(1)ETF overcomes the defects of closed-end fund discount trading, and its system design is flexible. In the investment strategy, it can cover a variety of securities and a variety of asset allocation methods. In the trading system, a basket of securities can be easily traded through one-time trading activities; In terms of risk diversification, we can not only track the whole market index covering the whole market, but also track the industry index or style index of a certain market field, which can effectively disperse or reduce market risks. Closed-end fund discount transaction is a common feature of global financial market, and it is also a phenomenon that classical financial theory can't explain well so far, which is called "the mystery of closed-end fund discount". This phenomenon is particularly prominent in China. At present, the average discount rate of 54 closed-end funds listed on the Shanghai and Shenzhen stock exchanges is close to more than 30% relative to their unit net value. Due to the discount trading of closed-end funds, the development of closed-end funds around the world is shrinking, and some of its original advantages are also covered up. ETF funds can be traded in the secondary market, or they can directly purchase and redeem a basket of stocks from fund managers, which makes it possible for investors to arbitrage in the primary and secondary markets. It is the existence of this arbitrage mechanism that inhibits the deviation between the secondary market price and the net value of the fund, making the transaction price in the secondary market basically consistent with the net value of the fund.
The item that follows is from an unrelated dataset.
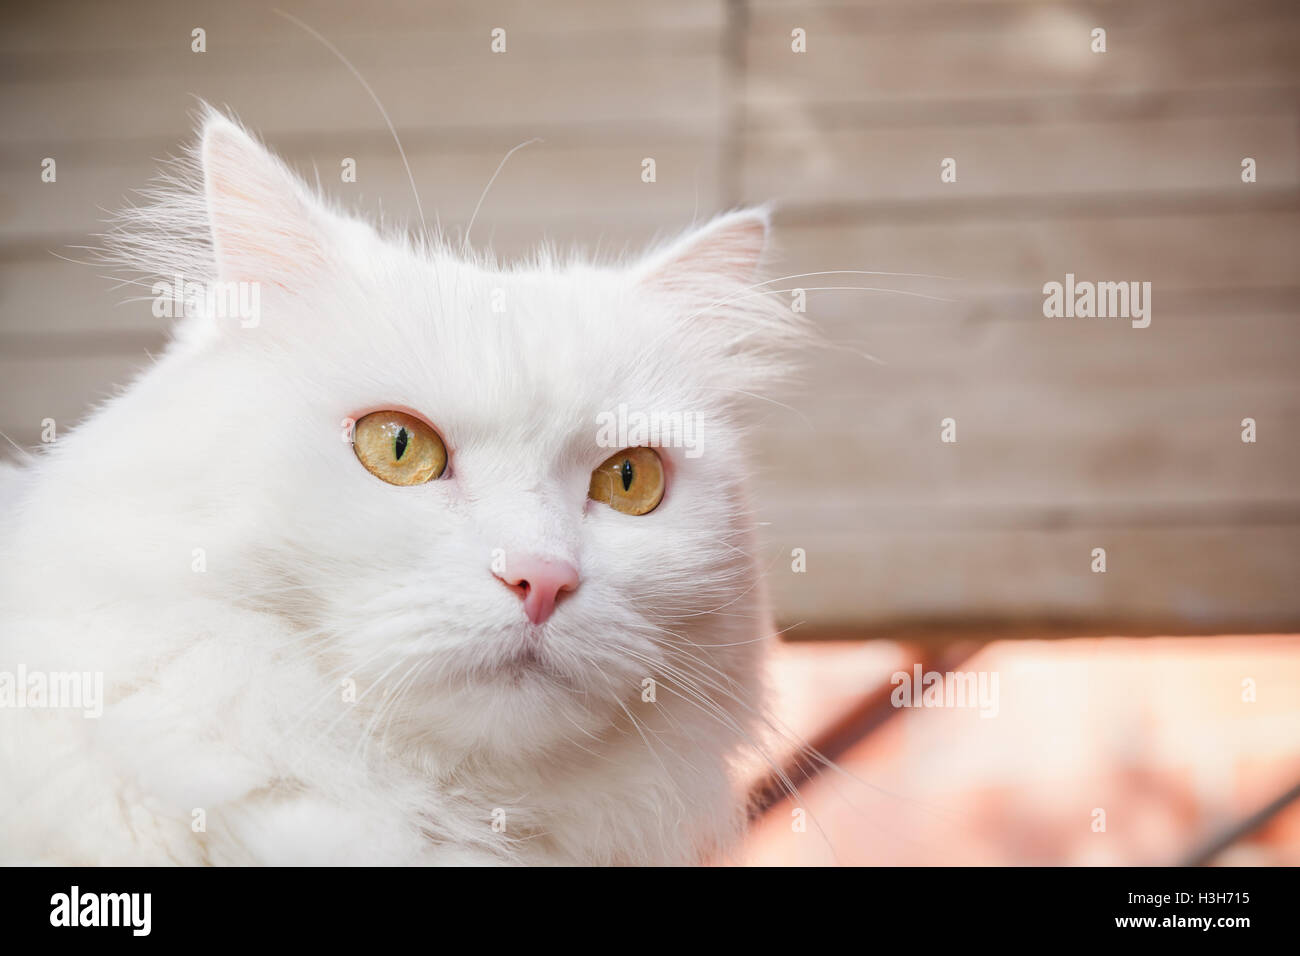 Closeup portrait of white fluffy cat avec des yeux jaunes Banque D'Images

(2) Compared with open-end funds, ETF funds have the characteristics of low transaction cost, convenient transaction and high transaction efficiency. At present, investors invest in open-end funds by buying and redeeming funds from fund management companies through banks, brokers and other consignment agencies. Generally, the transaction fee of stock-based open-end funds is above 1%, and the redemption money will not arrive until 3 days after redemption. Buying different funds requires going to different fund companies or banks and other institutions, and the transaction convenience is not too high. However, if investors invest in ETF funds, they can trade directly through the exchange according to the public quotation, just like stocks and closed-end funds, and the funds will arrive the next day.
(3)ETF also provides many trading tools for short-term investment. For example, ETF allows the use of margin for leveraged trading; Allow short selling; Stop loss and other restrictive trading orders are allowed, and in these respects, the use of * * * funds is completely prohibited. Because short selling ETF is short selling a basket of stocks, which has little effect on a single stock, short selling ETF is allowed in the United States. With the gradual deepening of financial innovation, China's financial market will allow short selling of ETFs.
(4)ETF generally adopts a completely passive indexation investment strategy to track and fit the representative underlying index, so the management fee is very low and the operation transparency is very high, which enables investors to invest in constituent stocks in a basket of underlying indexes at a lower cost, thus fully diversifying their investments and effectively avoiding the unsystematic risks of stock investment.